Department of Health

Virtual care is the delivery of healthcare and related services where care is provided by using information and communications technologies rather than through face-to-face consultation. Virtual care can be used by healthcare providers for medical, nursing, allied health, patient education, pharmacy services and support workers. It is an overarching term encompassing telehealth (telephone and video-enabled), telemedicine, tele-education, teletherapy, telemonitoring and remote monitoring. Virtual care is a modality used to connect and provide care – it connects clinicians or any other person(s) responsible for providing care to patient(s) and carer(s).

The use of virtual care has been associated with supporting and providing tertiary consultations in ambulatory settings. Consumers and health care providers across Victoria have benefited from the increased flexibility and service choice made possible through virtual care.

Implementing virtual care requires a commitment to innovate, challenge current practice and explore all delivery possibilities using available technology as the tool. It is expected that, as a system, there will be a need to overcome barriers and enhance system enablers as services adapt to new ways of practice. To date, the adoption of virtual care has delivered many benefits to consumers, healthcare providers and organisations. Notably, these benefits include the capacity for virtual care to be cost-effective, improve clinical outcomes via consumers to access care near to real-time and a convenient alternative to the more traditional face-to-face healthcare, professional advice, and education.

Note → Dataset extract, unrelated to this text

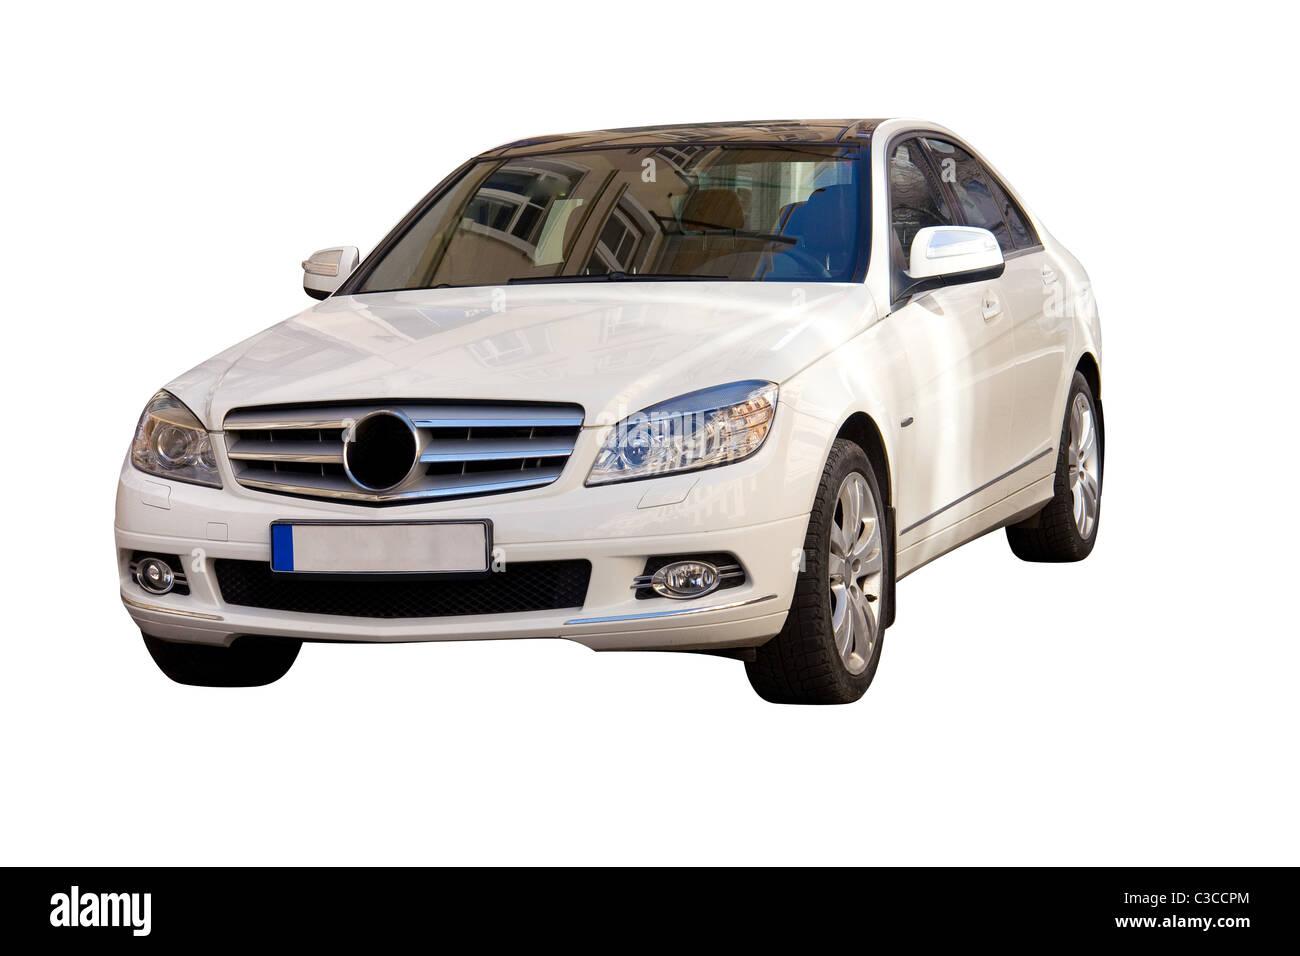 Nuovo e moderno di colore bianco auto di famiglia su sfondo bianco Immagini Stock
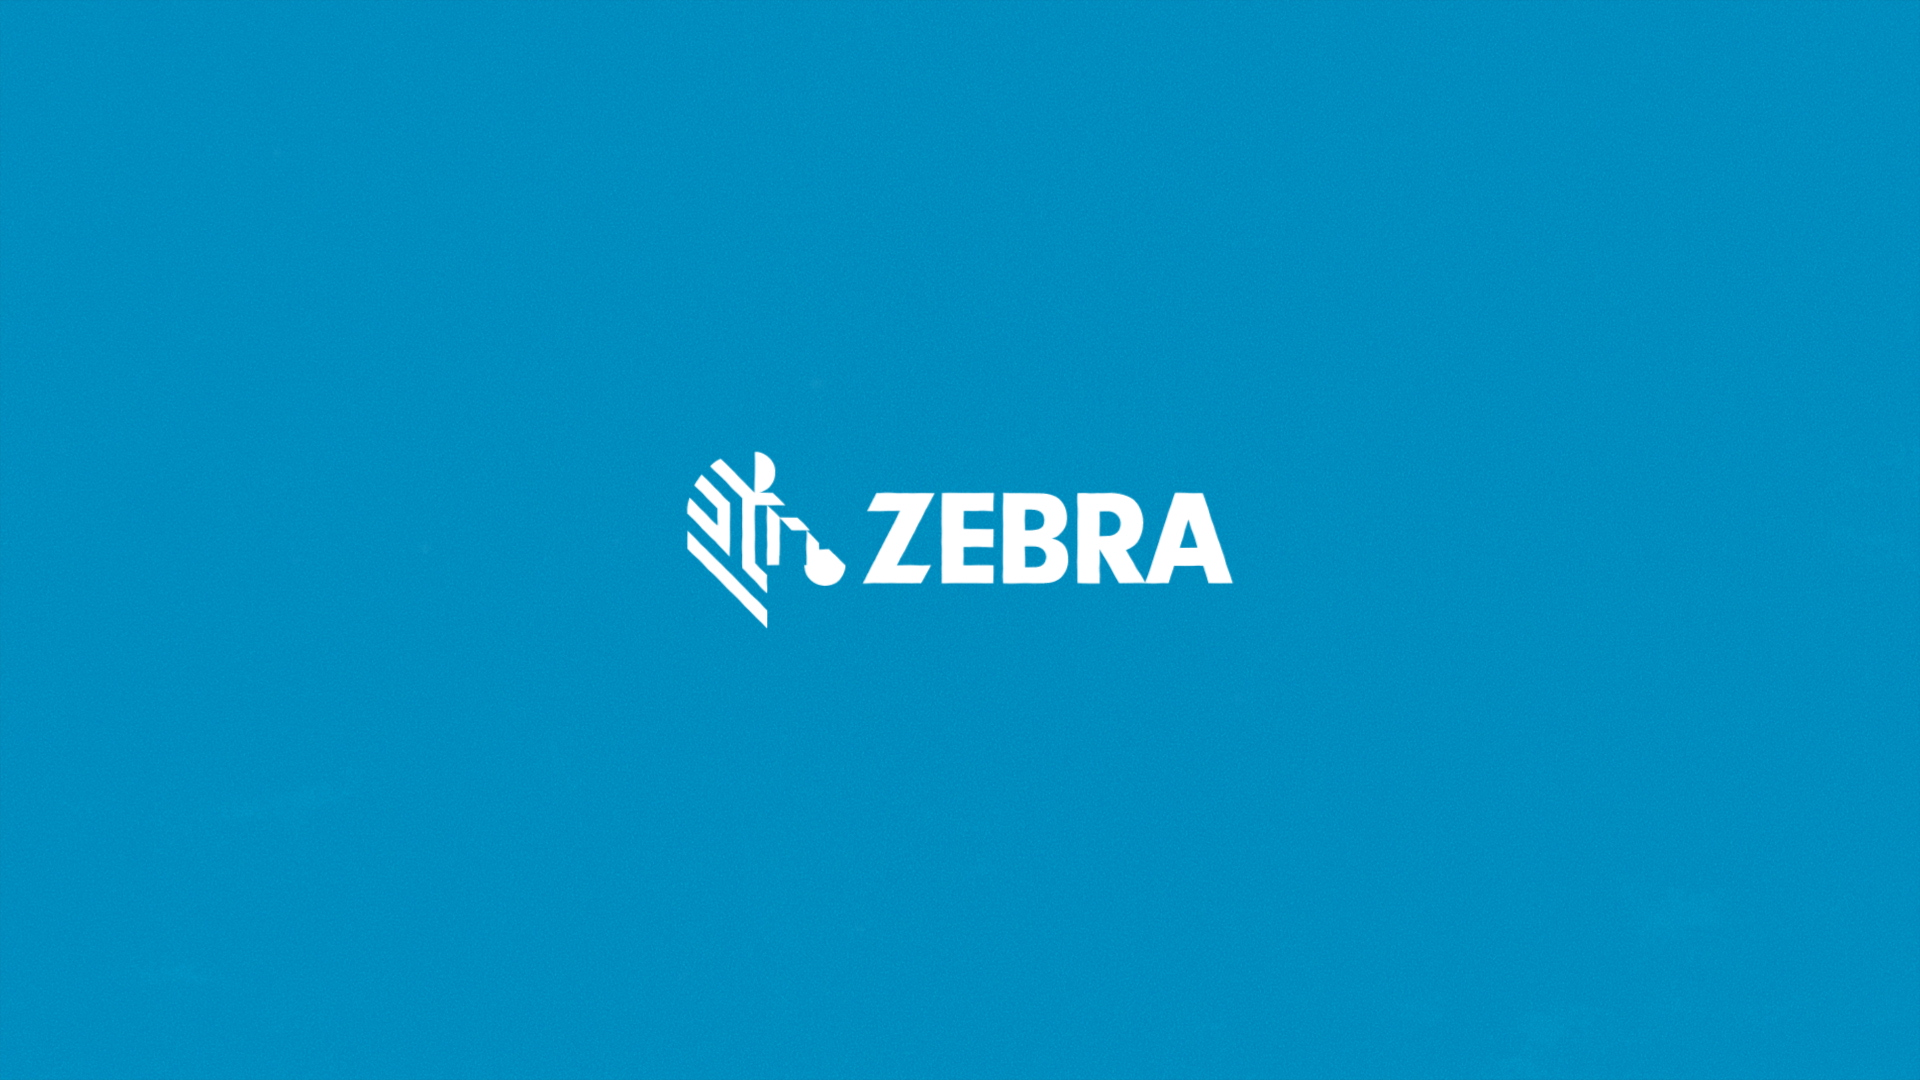 Zebra TAAP Case Film V007_DirectorsCut (0-03-43-13).png

Virtual care is part of a connected patient journey that may move between face-to-face care and virtual care in a manner that is clinically safe, and acceptable to both patient and provider. Clinical governance models apply equally regardless of environment and should not be any different to services provided within a bricks and mortar facility or through virtual medium.

These benefits will continue to grow as virtual care is further incorporated as part of routine healthcare service delivery in the future.

Benefits of Virtual Care

Virtual care offers many benefits to consumers, their families and carers, clinicians, healthcare providers, and the broader health system. Care delivered via virtual care modalities add value to an existing service, allow a service to be provided where it previously was not available or allow provision of services in a more efficient or effective manner.

Virtual care can assist in addressing some key barriers to equitable access of health care by providing an easily accessed and low-cost mode of service delivery. However, it is important to note that the benefits are not necessarily experienced equally or equitably by all patients.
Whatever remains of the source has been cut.